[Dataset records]
--------------------------------------------------

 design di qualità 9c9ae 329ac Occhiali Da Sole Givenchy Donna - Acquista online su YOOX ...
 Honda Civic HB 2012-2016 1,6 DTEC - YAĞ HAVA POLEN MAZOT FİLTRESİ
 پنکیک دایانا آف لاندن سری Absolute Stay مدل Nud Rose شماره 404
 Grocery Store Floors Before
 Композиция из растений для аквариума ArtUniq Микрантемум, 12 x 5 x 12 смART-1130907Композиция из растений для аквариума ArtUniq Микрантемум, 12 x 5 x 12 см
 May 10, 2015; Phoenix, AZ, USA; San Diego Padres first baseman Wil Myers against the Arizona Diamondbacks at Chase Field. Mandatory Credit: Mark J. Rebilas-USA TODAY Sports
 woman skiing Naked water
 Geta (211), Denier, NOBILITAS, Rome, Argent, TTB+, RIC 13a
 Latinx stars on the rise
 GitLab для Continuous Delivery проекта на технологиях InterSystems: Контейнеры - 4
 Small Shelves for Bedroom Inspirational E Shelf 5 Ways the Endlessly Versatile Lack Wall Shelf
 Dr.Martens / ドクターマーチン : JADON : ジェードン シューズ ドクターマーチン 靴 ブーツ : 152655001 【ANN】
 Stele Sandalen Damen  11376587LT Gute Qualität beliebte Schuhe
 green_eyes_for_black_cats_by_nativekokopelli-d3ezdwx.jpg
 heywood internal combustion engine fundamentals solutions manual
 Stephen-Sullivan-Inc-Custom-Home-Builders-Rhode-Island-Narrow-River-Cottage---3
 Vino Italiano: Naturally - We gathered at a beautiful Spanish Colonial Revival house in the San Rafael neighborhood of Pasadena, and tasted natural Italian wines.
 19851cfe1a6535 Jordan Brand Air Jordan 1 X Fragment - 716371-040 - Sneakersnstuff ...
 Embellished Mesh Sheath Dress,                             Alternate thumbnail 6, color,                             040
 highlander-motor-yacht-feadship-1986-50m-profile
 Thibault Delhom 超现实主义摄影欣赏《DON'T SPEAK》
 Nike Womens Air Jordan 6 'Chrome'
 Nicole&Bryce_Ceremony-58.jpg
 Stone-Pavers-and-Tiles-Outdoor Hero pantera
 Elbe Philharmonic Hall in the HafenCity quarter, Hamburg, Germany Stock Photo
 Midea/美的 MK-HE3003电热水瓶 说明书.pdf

--------------------------------------------------

→ **YOUR GOAL**
Return the lines above, starting at the one that contains "Vino Italiano: Naturally" and running through the last, exactly as they appear, with no extra lines.

→ **TASK SOLUTION**
 Vino Italiano: Naturally - We gathered at a beautiful Spanish Colonial Revival house in the San Rafael neighborhood of Pasadena, and tasted natural Italian wines.
 19851cfe1a6535 Jordan Brand Air Jordan 1 X Fragment - 716371-040 - Sneakersnstuff ...
 Embellished Mesh Sheath Dress,                             Alternate thumbnail 6, color,                             040
 highlander-motor-yacht-feadship-1986-50m-profile
 Thibault Delhom 超现实主义摄影欣赏《DON'T SPEAK》
 Nike Womens Air Jordan 6 'Chrome'
 Nicole&Bryce_Ceremony-58.jpg
 Stone-Pavers-and-Tiles-Outdoor Hero pantera
 Elbe Philharmonic Hall in the HafenCity quarter, Hamburg, Germany Stock Photo
 Midea/美的 MK-HE3003电热水瓶 说明书.pdf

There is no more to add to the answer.